BEGIN
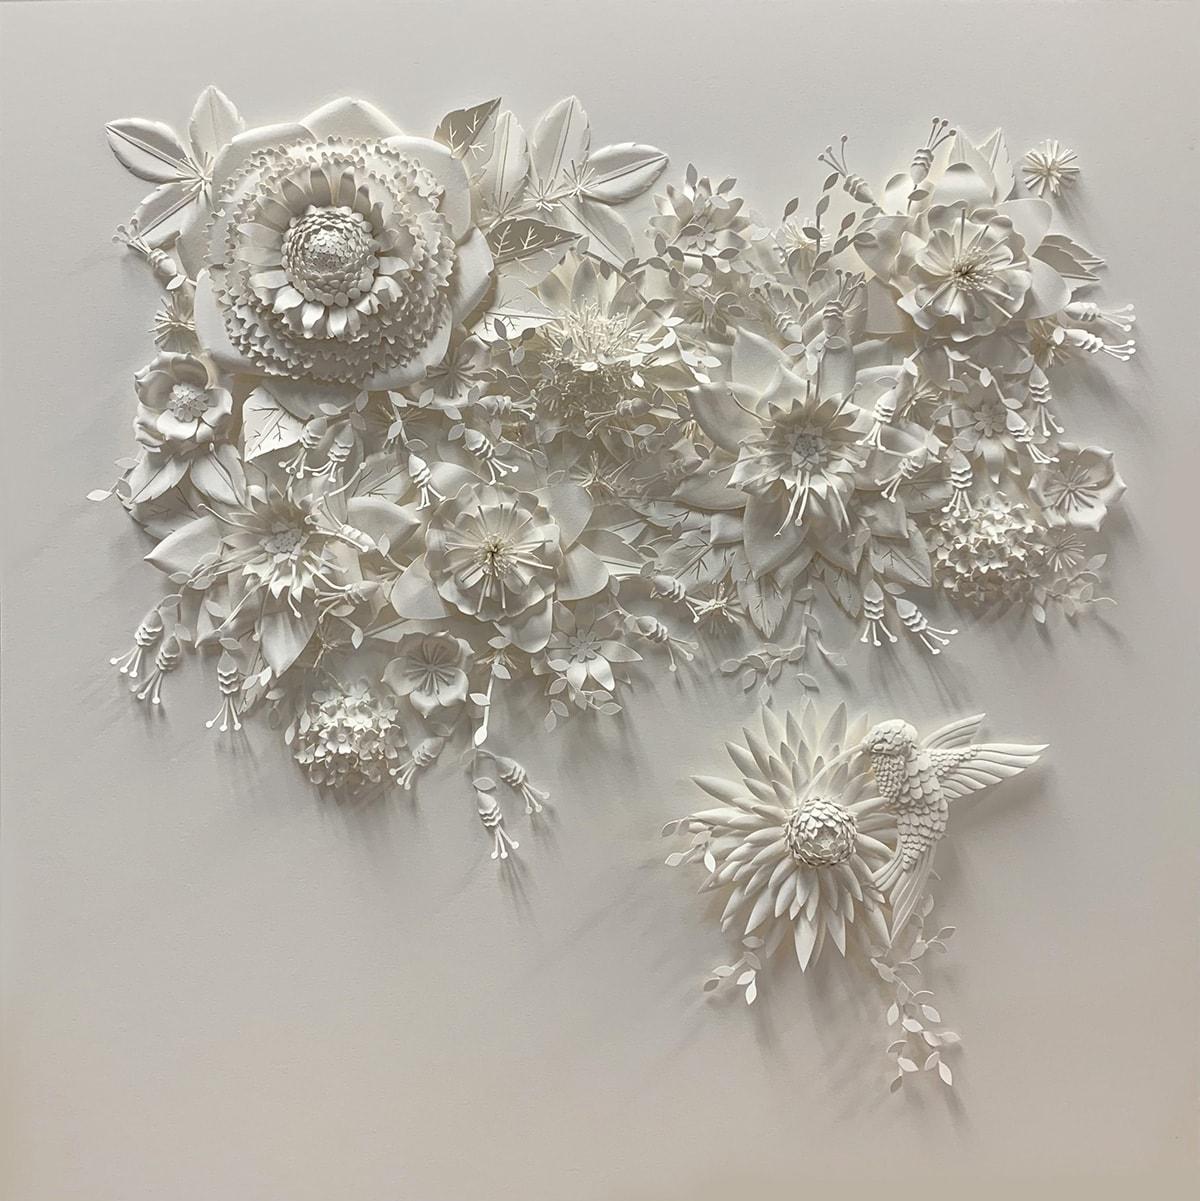 tara lee bennett lush paper paper flowers 2
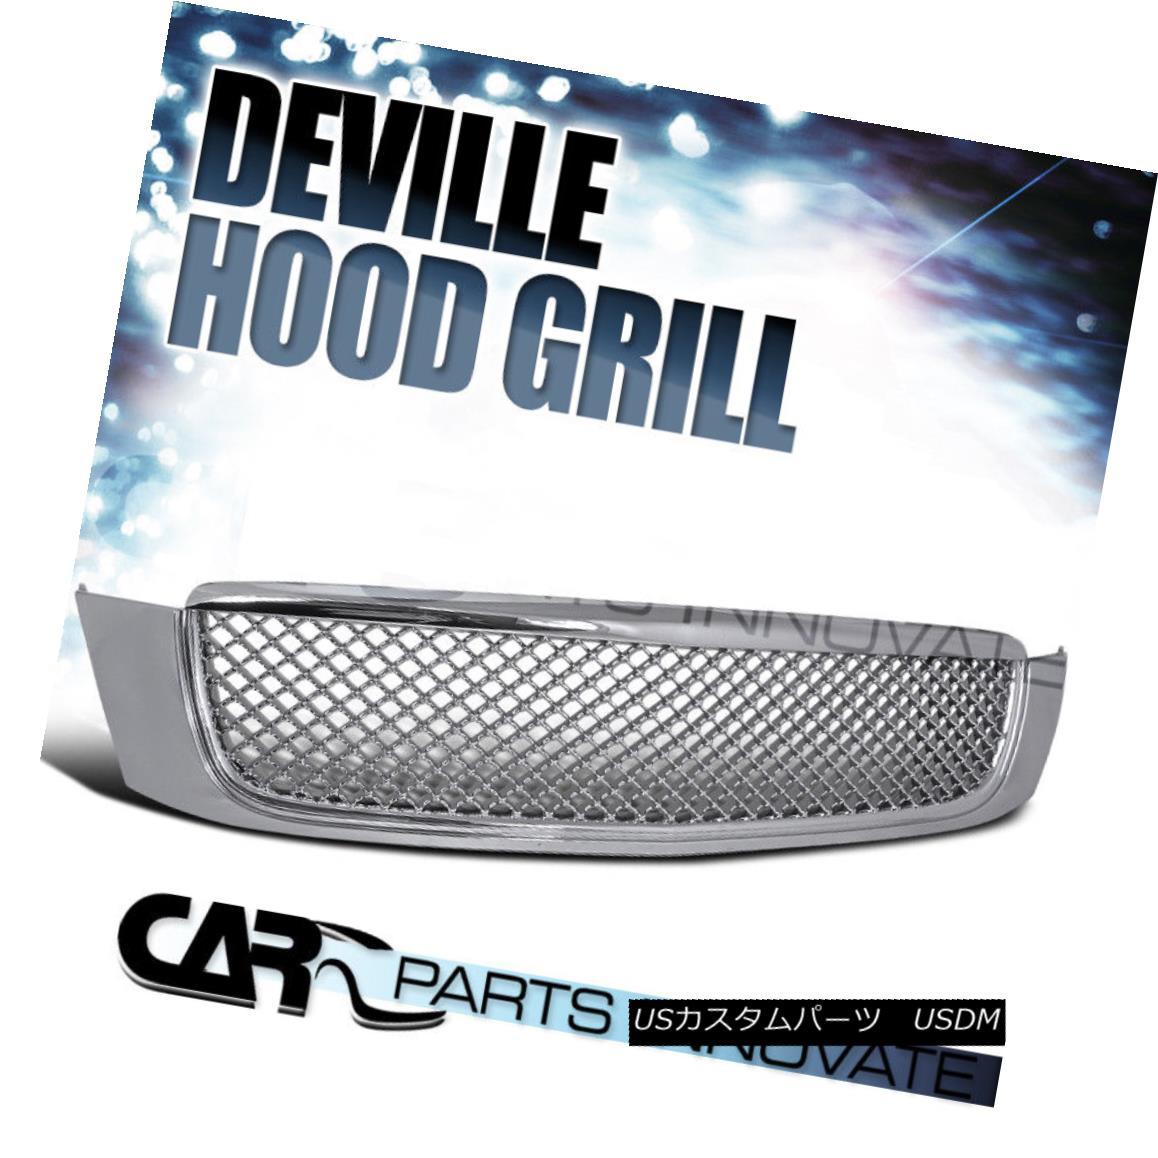 グリル Cadillac 00-05 DeVille Chrome Mesh Honeycomb ABS Front Hood Bumper Grille Grill キャデラック00-05 DeVilleクロームメッシュハニカムABSフロントフードバンパーグリルグリル
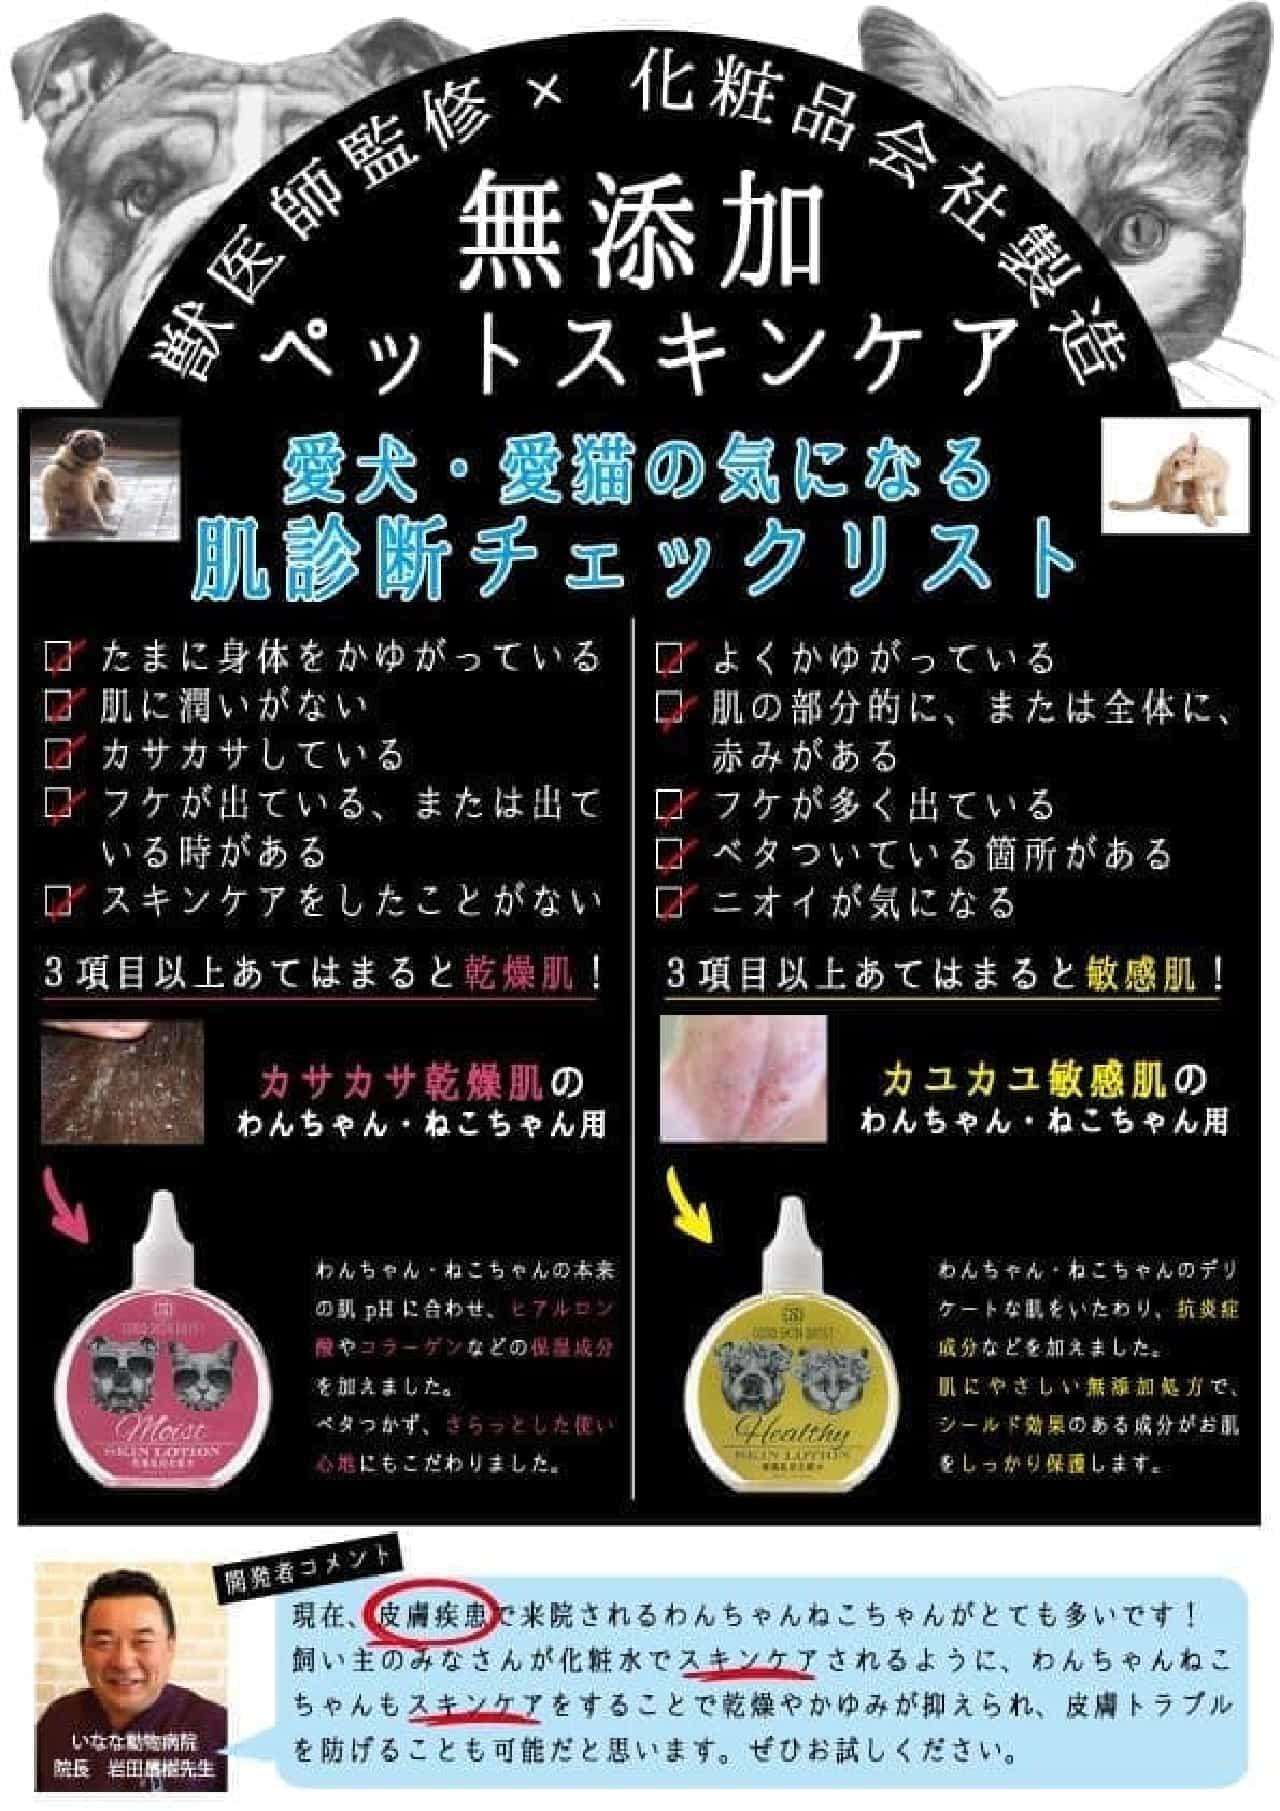 にゃんこ、ワンコ向けの化粧水「無添加ペットスキンケア グッドスキンデイズ!」
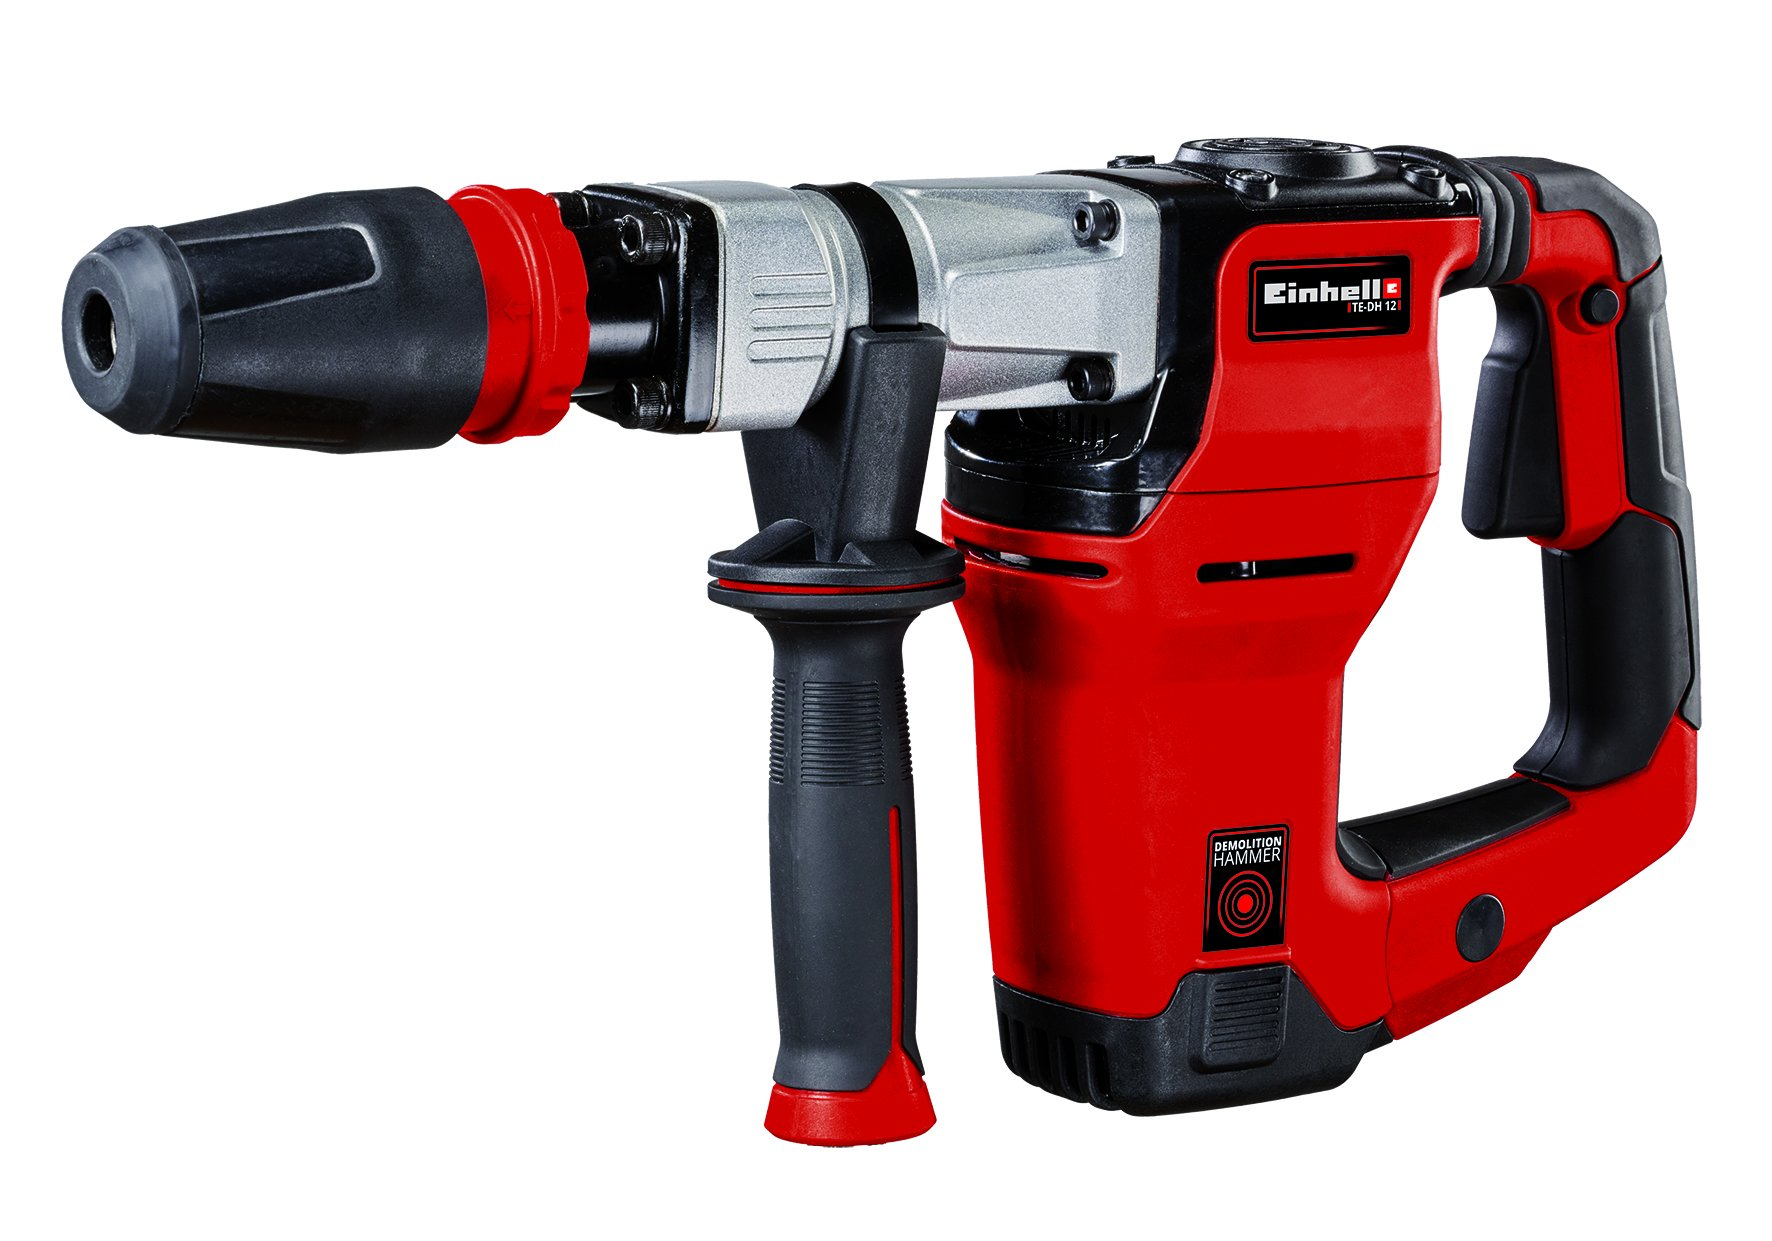 Einhell-Abbruchhammer-TE-DH-12-1050-W-Schlagzahl-4100-Umin-12-Joule-SDS-max-Werkzeugaufnahme-inkl-Spitz-und-Flachmeiel-inkl-E-Box
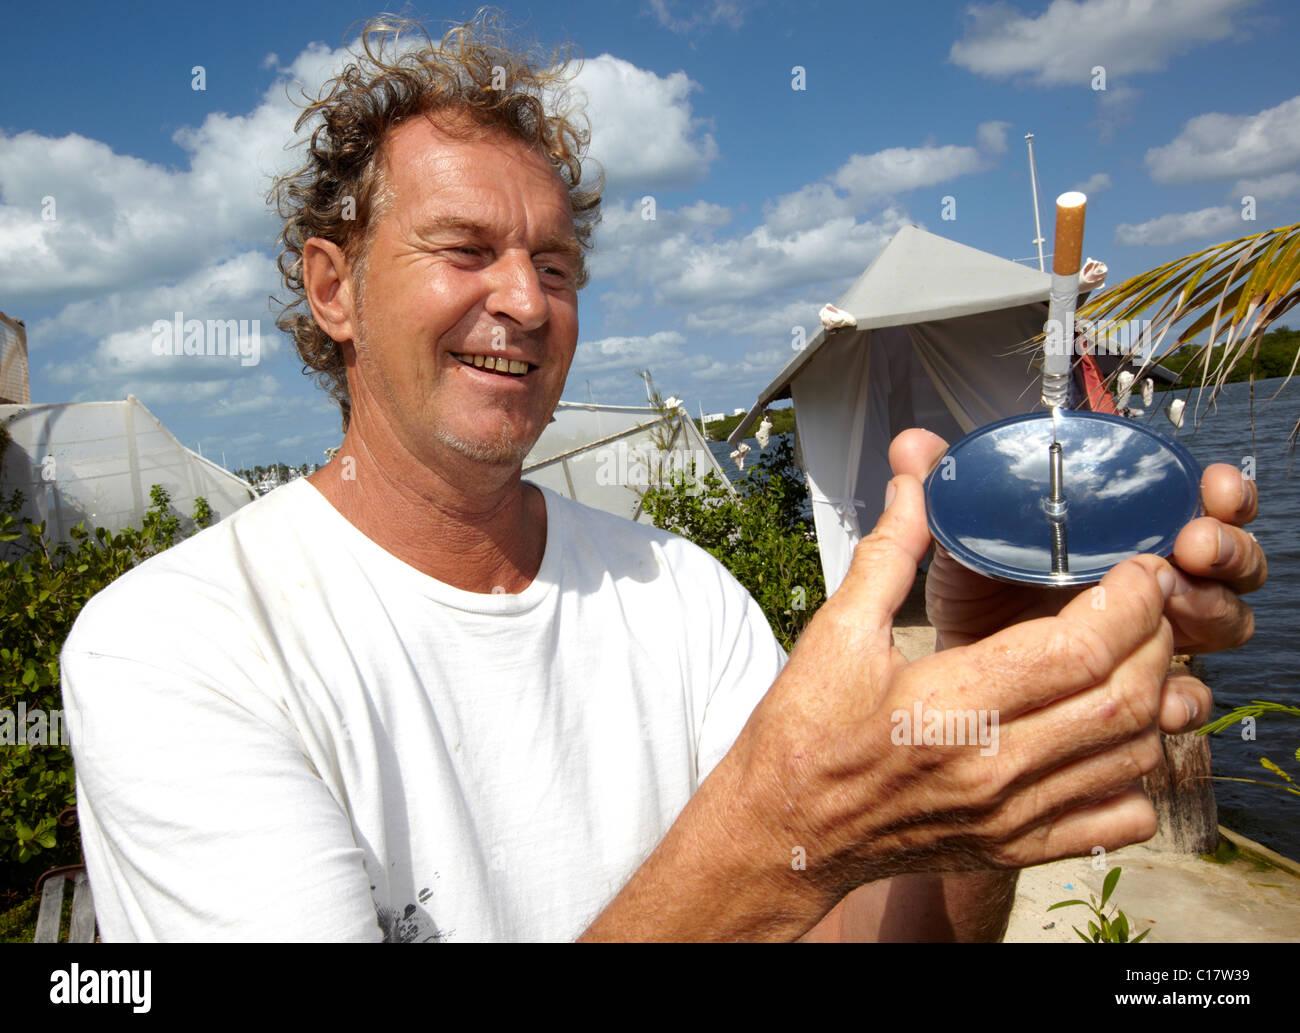 Richard Sowa Bottle Island Isla Mujeres Mexico City Mexico - Stock Image
END
■ Work instruction ■
Your task is to copy word for word the lines from the line containing "にゃんこ、ワンコ向けの化粧水「無添加ペットスキンケア グッドスキンデイズ!」" to the end of the listing, both included, and to drop any pictures.

■ Output of the exercise ■
 にゃんこ、ワンコ向けの化粧水「無添加ペットスキンケア グッドスキンデイズ!」
 Einhell-Abbruchhammer-TE-DH-12-1050-W-Schlagzahl-4100-Umin-12-Joule-SDS-max-Werkzeugaufnahme-inkl-Spitz-und-Flachmeiel-inkl-E-Box
 Richard Sowa Bottle Island Isla Mujeres Mexico City Mexico - Stock Image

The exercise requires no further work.